A ring-barrow is a prehistoric burial or ceremonial monument, typically a low circular mound or platform enclosed by a ditch and an outer earthen bank. This one, eight metres in diameter, shares parts of its perimeter with its neighbours: where its own fosse and bank would ordinarily run, the monument instead borrows the ditch of an adjacent bowl-barrow to the north-west and the fosse of a large enclosure to the south. The effect is of a site knitted into a wider landscape of the dead, its edges quietly dissolving into older or contemporary earthworks rather than standing apart from them.
The hill at Longstone carries an unusual concentration of prehistoric remains. The ring-barrow sits against the inner south-south-east side of a multi-period enclosure, with two further ditch-barrows within metres of it. Look outward and the horizon offers more: a standing stone 800 metres to the north-east, a large barrow roughly a kilometre and a half to the west-south-west, and a mound-barrow about 1.8 kilometres to the south. The panoramic position was almost certainly deliberate. Hilltop placement is a recurring feature of Bronze Age funerary monuments across Ireland, suggesting that visibility, both of and from these sites, carried meaning for the communities that raised them. The structural elements of this particular barrow, its scarped edge, fosse, and external bank, survive in good condition with crisp breaks of slope and little sign of livestock damage, which is relatively unusual for a monument of this age and exposure.
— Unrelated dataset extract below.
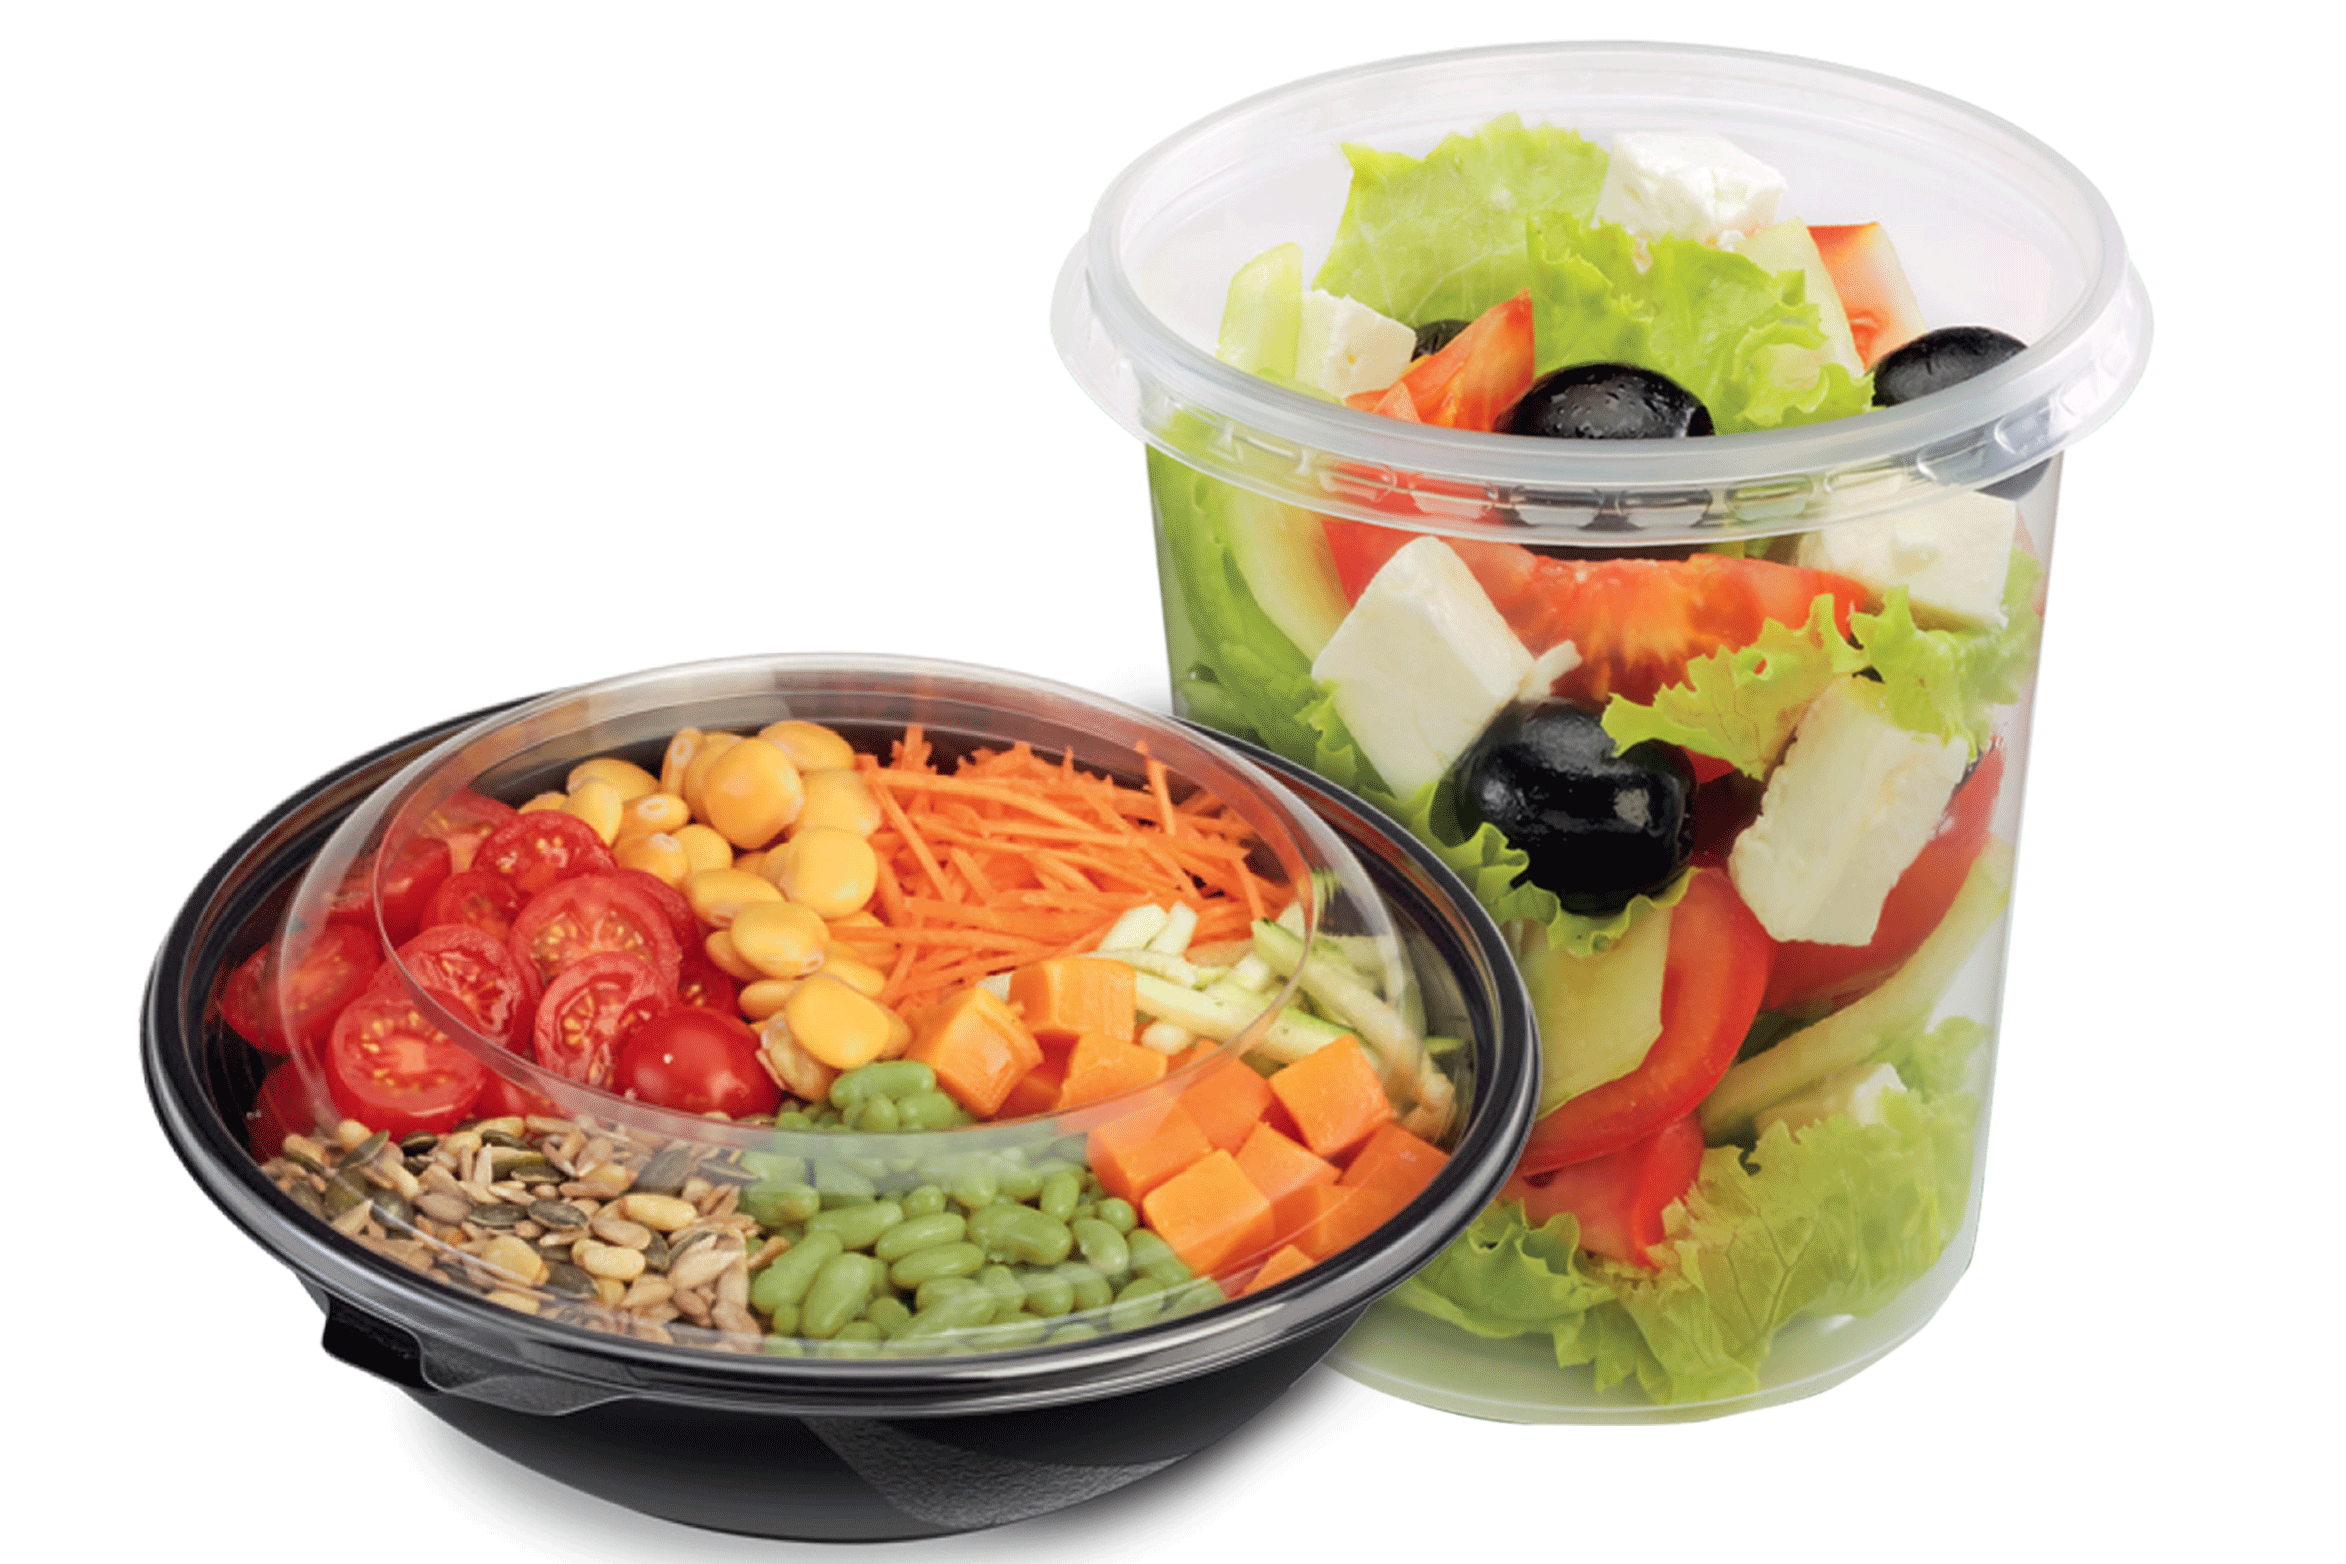 Salad and delicatessen containers

The interior of the ring-barrow is level, dry, and clear of vegetation, but reaching it is another matter. Dense gorse has spread through the fosse and over the external bank, making access genuinely difficult and obscuring much of the monument's outer profile. Visitors prepared for a push through scrub will find the hilltop itself rewarding for the sheer density of earthworks gathered there, each one slightly different in form and each one sharing space, sometimes literally, with the next.